Lynn looked at her expectantly.
“She was with a man.”
“Getting really worked up about it, wasn’t she?”
“Her daughter gone missing? Hardly surprising.”
“Her daughter having it off.”
“Is that what you think this is about?”
“Don’t you? If you’ve only got one chance a week.” Lynn blinked and gave a quick shake of the head: another bloke whose ideas about sex were based upon the letters pages in Penthouse and mutual masturbation sessions in the showers after games.
“What would your mum say, then? You and sex.”
“Not a lot.”
“How’s that then?”
“They don’t believe in sex in that part of Norfolk.”
The house was in a short road, cars parked close at either side. A light was on inside number 7, probably the stairs. All of the other houses in the street were dark.
“What d’you reckon?”
Lynn shrugged, tightened the wool scarf across her neck, and rang the bell. It sounded, off-key, inside the house. Through the letter-box there was nothing speciaclass="underline" a plastic ball on the carpet, most of the air gone out of it, a piece of Lego.
“Want me to try the back?”
Lynn took from her coat pocket the key Mrs. Barnett had given them. “Why bother?”
“Look, you’re sure about this?”
The backs of her legs were sure; her arms, all the places where the chill touched her, tensing the nerves beneath the skin. The key fitted the lock almost too easily and the door swung open with the first pressure of her hand. Lynn stepped around it and looked-it had been held on the catch, but the lock had not been slipped down.
The light that had been left on was on the landing.
With her gloved hand she depressed the switch on the wall, close by a line of pegs bunched with coats.
“Hello!” The constable called. “Anybody home?”

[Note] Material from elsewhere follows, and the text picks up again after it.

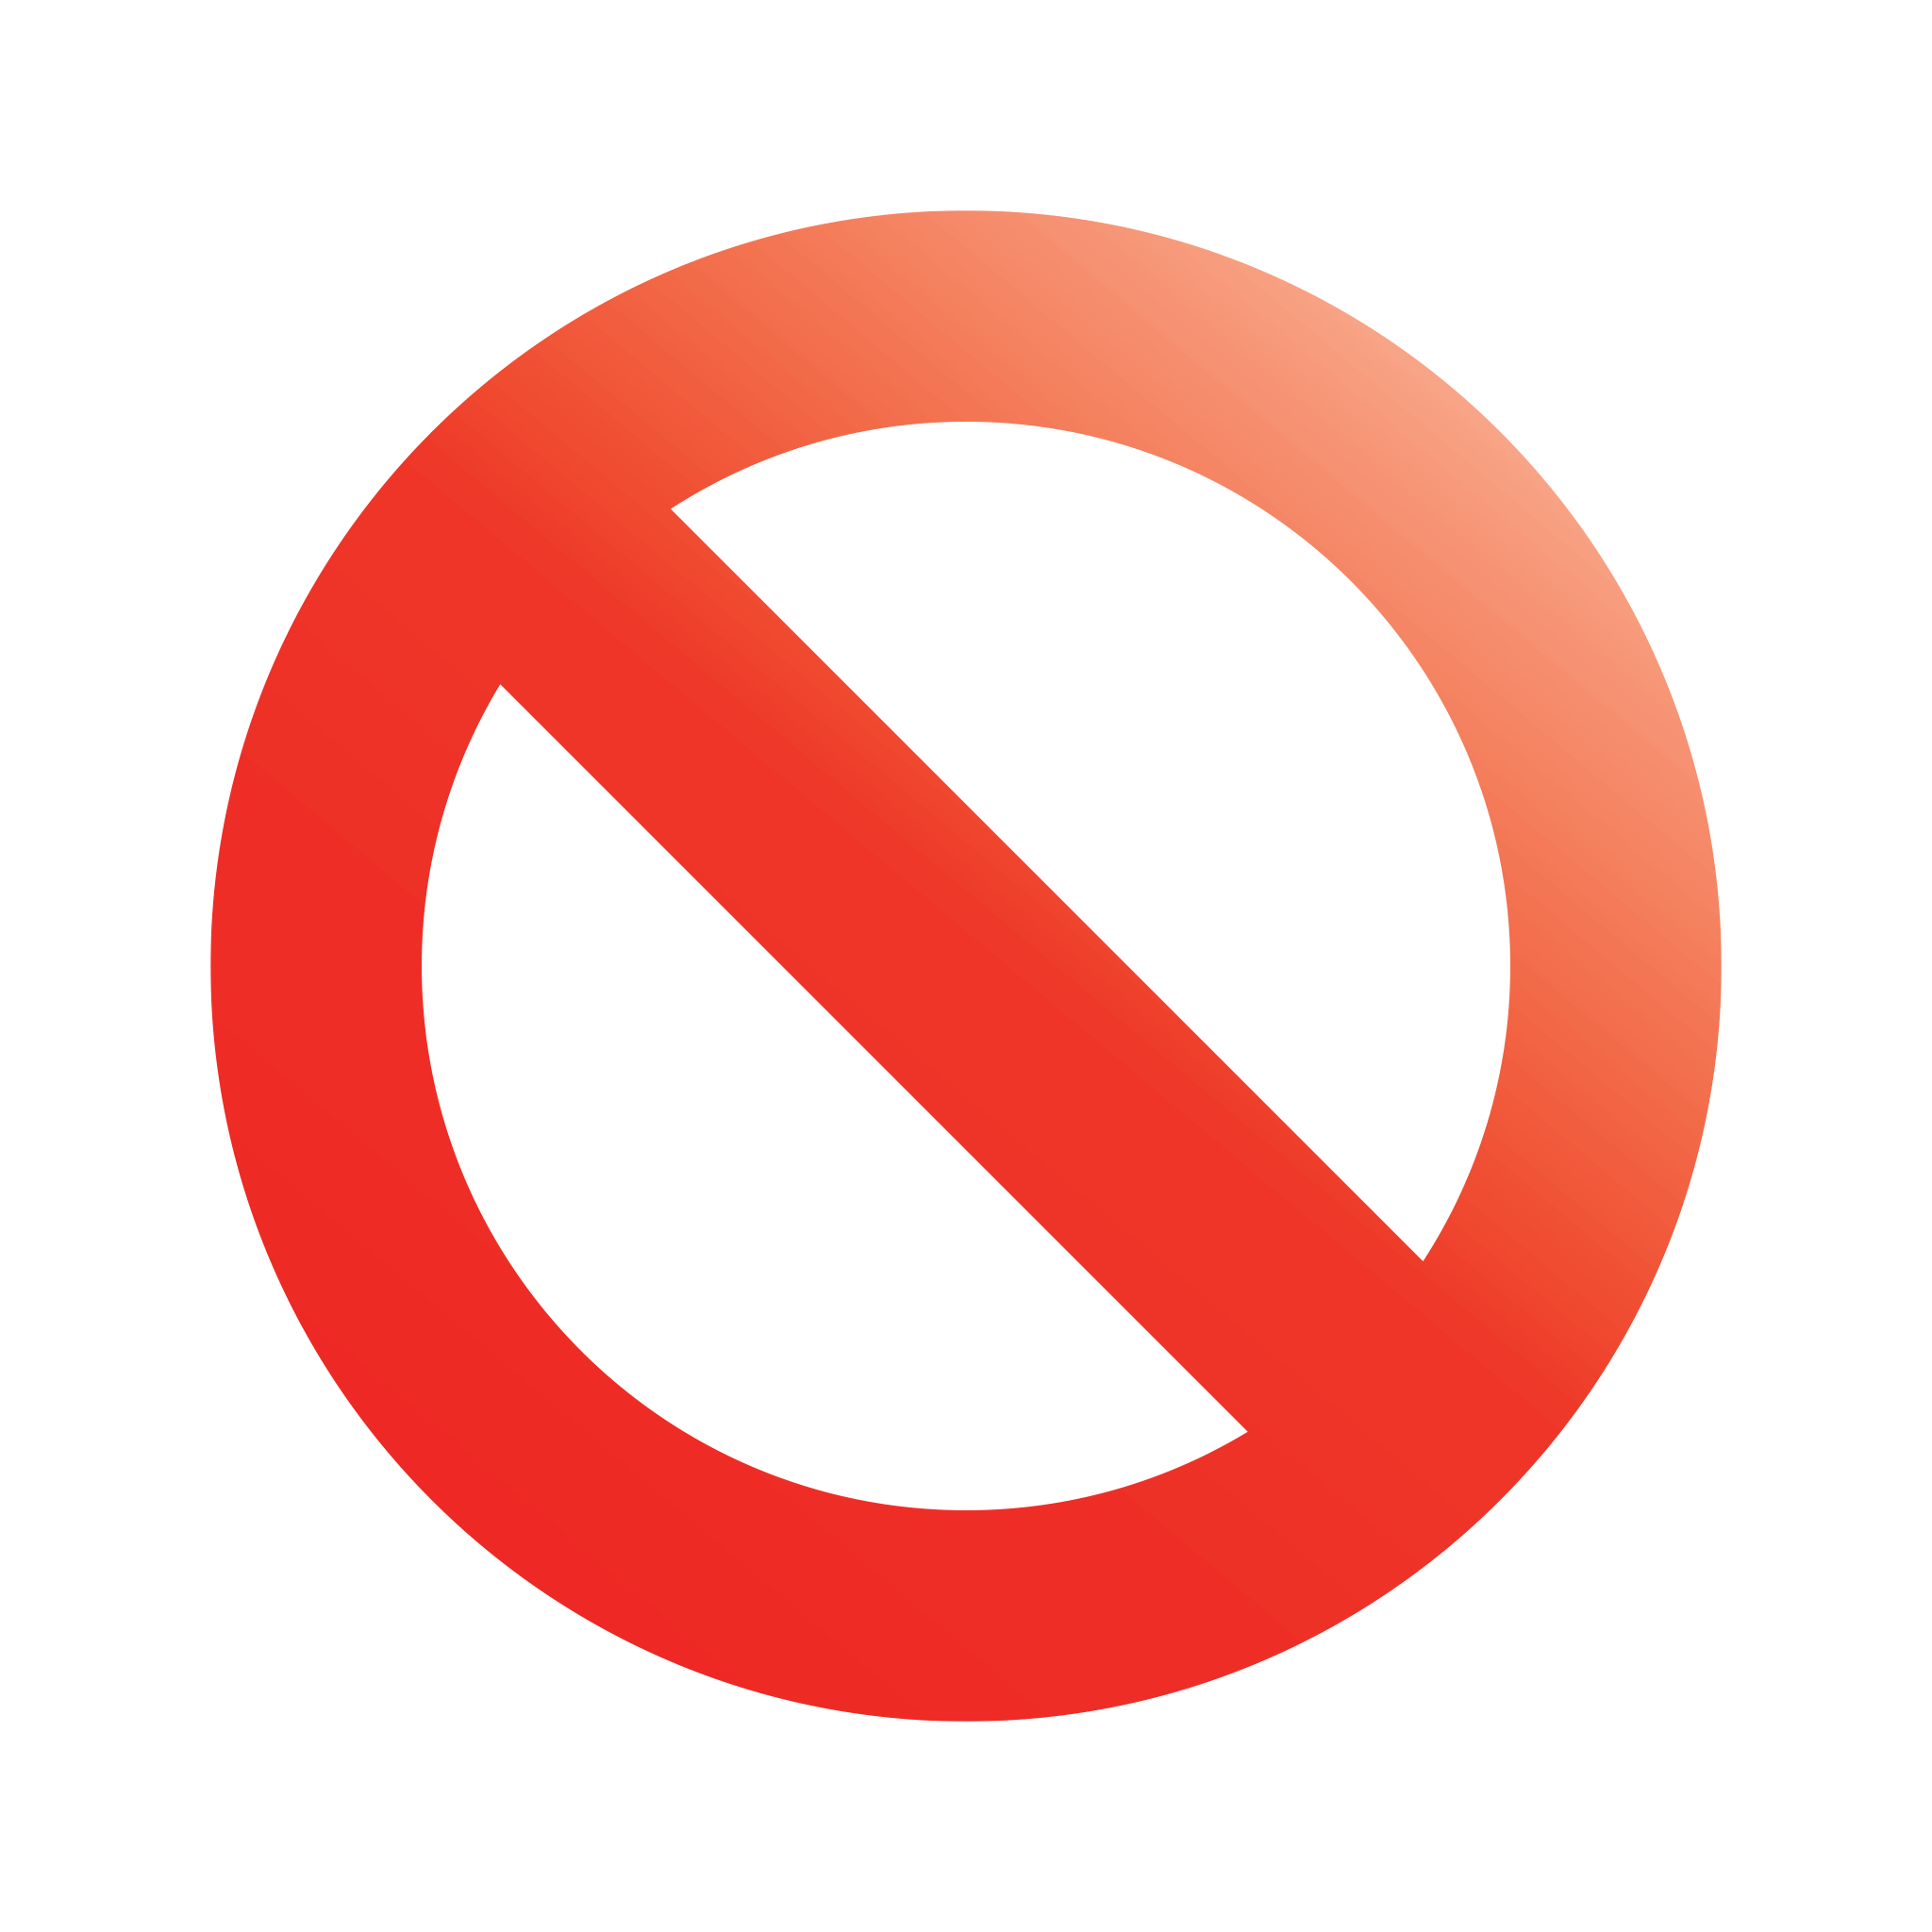 Stop Logo - Red Stop Icon PNG Image Free Download searchpng.com

Lynn opened the door to the first room on the left, turned on the light. Somebody had gone round in a hurry, tidying up. Papers and magazines, Ladybird books, scooped up and set down again in uneven piles; toys squashed up into a corner. Clear across the top of the television, the curve of dust left after a single sweep with the duster.
“Shall I check upstairs?”
“Yes.”
She did not want to go upstairs. Not first.
“Careful what you touch.”
The back room led into the kitchen. Mugs on the table, plates stacked on the draining board, a pan soaking in cold water in the sink, rimed with orange. She heard him coming down the stairs too fast and turned to face him.
“This Mary-houseproud, would you call her?”
“Not exactly. Why?”
“That bed up there’s a proper tip.”
“She’s not…?”
The constable shook his head.
“The bathroom?”
“Not anywhere.”
For several seconds, neither spoke nor moved.
“What d’you reckon?” the constable asked, anxious to be doing something.
“Hang on a minute.”
She walked back into the front room, remembering something she’d only half-noticed. On the floor in the corner alcove, close by the drawn curtains, a handbag. Lynn used finger and thumb to ease it open. Makeup bag, purse, a pair of black flat-heeled shoes, bent double and squashed down. She gave the bag a slight shake. A packet of contraceptives, Durex Elite. Thought about taking it to the table and emptying it out then thought against it.
“Reckon we should phone in?”
She nodded, setting the bag back down where she had found it. Going through the hall, past the crowded pegs, something stopped her. Underneath matching yellow plastic children’s coats, different sizes, hung two pairs of blue and yellow Wellington boots, threaded together at the top with string. Muddy at the bottom.
“Wait here a minute.”
“What’s up?”
“Just wait.”
Back in the kitchen, a step down from the rest of the house, Lynn remembered the cold and knew it had been more than the cold of anticipation. The door to the garden had not quite been pulled to. She touched it open and stepped outside. Stray ends of cloud moved gray across the moon. A bicycle without a rear wheel leaned against the wall. Her toe touched against something and she bent to pick it up. A high-heeled shoe, black, new.